Mom looks like she's been bursting to ask all night.

“You have some explaining to do, ma fleur.” She sits at the edge of my bed.

“I know,” I say, rubbing my eyes with the heels of my hands.

“How old is he again?” She says it casually, but I know the answer matters.

“Eighteen.”

“He seems older.”

“Yeah, I know. He's an old soul.” This is true.

“How did you meet again?”

“I spilled a drink on him. He made some witty remark, I said something dorky back and the rest is history.” I roll my eyes.

“He's...” She struggles to come up with an adjective, “intense.”

“He is that.” Also true.

“Are we going to be seeing more of him?”

“Uh, yeah.” Why beat around the bush?

“His family's okay with that?”

“Yeah, they're cool.” Gah, I sound like a moron. “He's got two brothers.” In this lifetime, I don't add.

“Parents?”

“Just a mom. His dad died.” It's amazing how little I have to lie. Although, if you consider the omission of the truth as lies, then my pants should be on fire.

“Well, I hope we get a chance to get to know him better.”

She strokes my hair. It feels nice, but it just reminds me of the fact that I'm not going to have this forever. I think the worst thing is not learning of your own mortality, but that of those around you.
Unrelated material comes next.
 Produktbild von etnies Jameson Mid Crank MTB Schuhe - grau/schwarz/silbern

I'd rather if the world just went ahead and ended, because it won't be the same without her.

“I'd like that,” I say, gazing up at her. My chest loosens some.

“Goodnight, baby.”

“Night.” I feel how frail she is when I hug her again. She doesn't smell the same, either. I mean, it's not like she doesn't still smell like lilac perfume and dirt and the dinner she cooked. With my added senses, I smell something different, rotten. I don't like it, because I know what it is. It's the cancer, eating away at her.
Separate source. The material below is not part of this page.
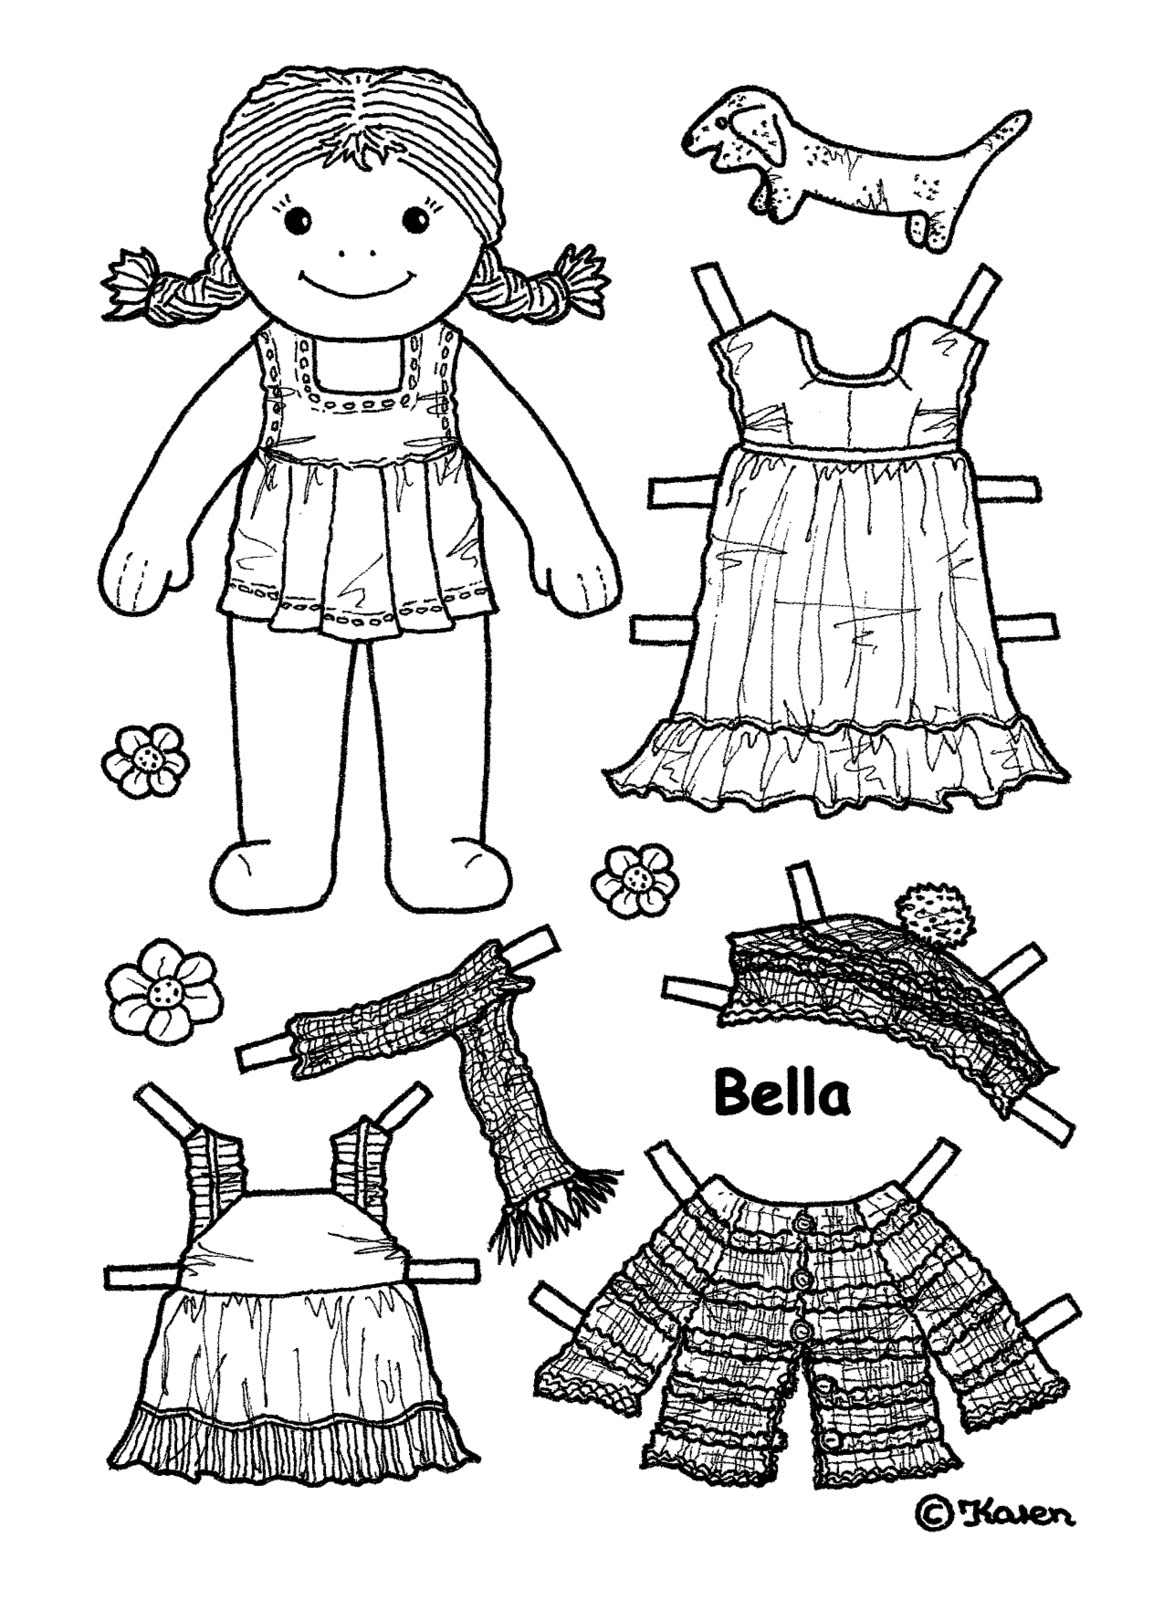 Karen`s Paper Dolls: Bella 1-5 Paper Doll to Print and 1-5 påklædningsdukke til at printe og farvelægge.

I still hold her tight. I'm not thinking about it.

“I love you.”

“I love you, ma fleur.”

She tucks me in like I'm a child again. For a second I almost ask her to read out loud to me like she used to, but it's been years and she looks tired. Peter's also been gone for hours and I want him to be able to come back. Even if he's lurking on the roof like some sort of beautiful gargoyle. The image of him hunched over with his wings tucked makes me want to laugh.
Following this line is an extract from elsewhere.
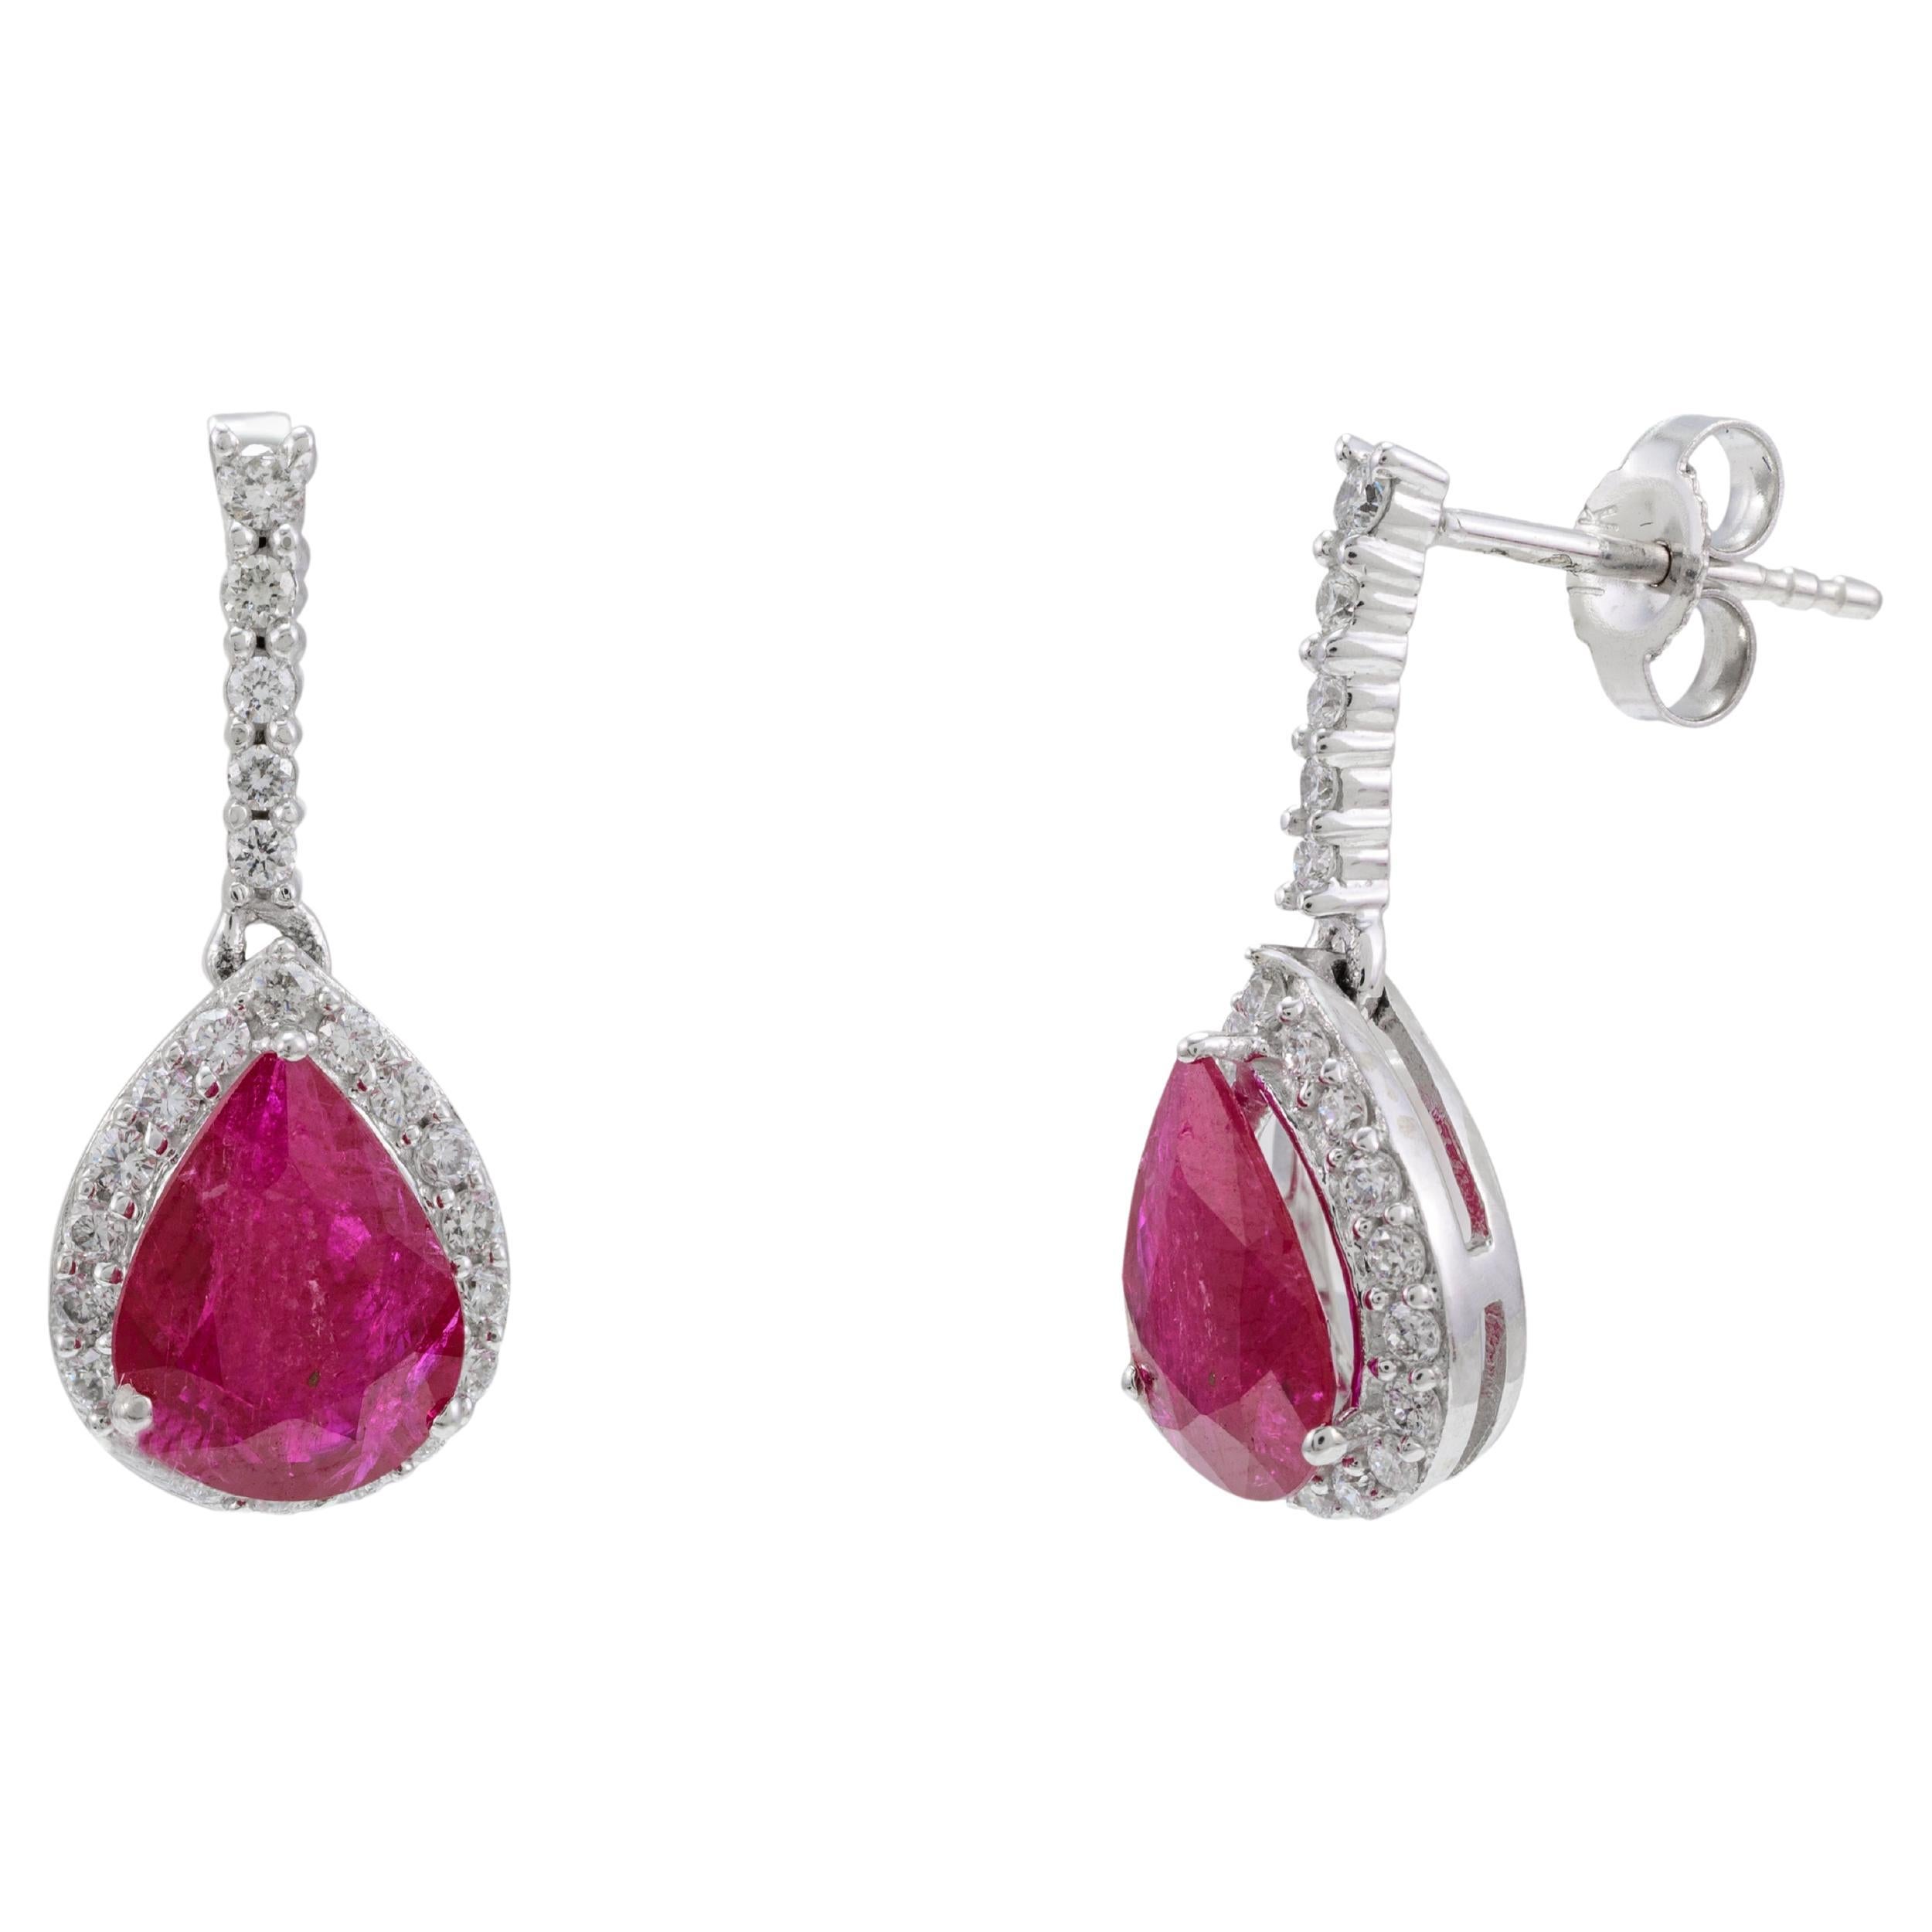 Designer Diamond Ruby Dangle Earrings for Mom in 14k Solid White Gold

My mother turns off the light and softly exits the room, as if I'm a baby she's scared to wake. I wonder if she still sees me like that sometimes. Then I start to cry.

I have no idea where it comes from, but one second I'm fine and the next I'm crying into my pillow.

“Shh.” Of course I don't hear him come in. He's so damn stealthy.

“Leave me alone.” Okay, so it's mean, but I don't want him to see me cry again. I don't want anyone to see me cry.

“Do not be ashamed of tears.”

“They're embarrassing, and they make my face all red,” I say as I shake. The sobs explode out of me and I grab my pillow to muffle the sound. I can't let my parents know I'm crying. That would be the worst of the worst.

“Would you like me to hold you?” He hasn't touched me yet.

“Yeah,” I sniff like a three-year-old.

He holds his arms open and I fall into them. He isn't warm, but I don't really care about that. I can do without the beating heart. I need something to hold onto so my tears don't take me away with them. He's also big enough to muffle the sound.

I don't know how long I stay there in his rigid arms. He doesn't rock me. He doesn't say anything. He just lets me go. It's exactly what I need. He lets me cry it out, dribbling snot and tears all over his shirt. I feel bad, but there's really nothing I can do about it.

Like a hurricane, it takes a while for my crying jag to blow itself out. I also probably look like I got hit by a truck, but that's beside the point.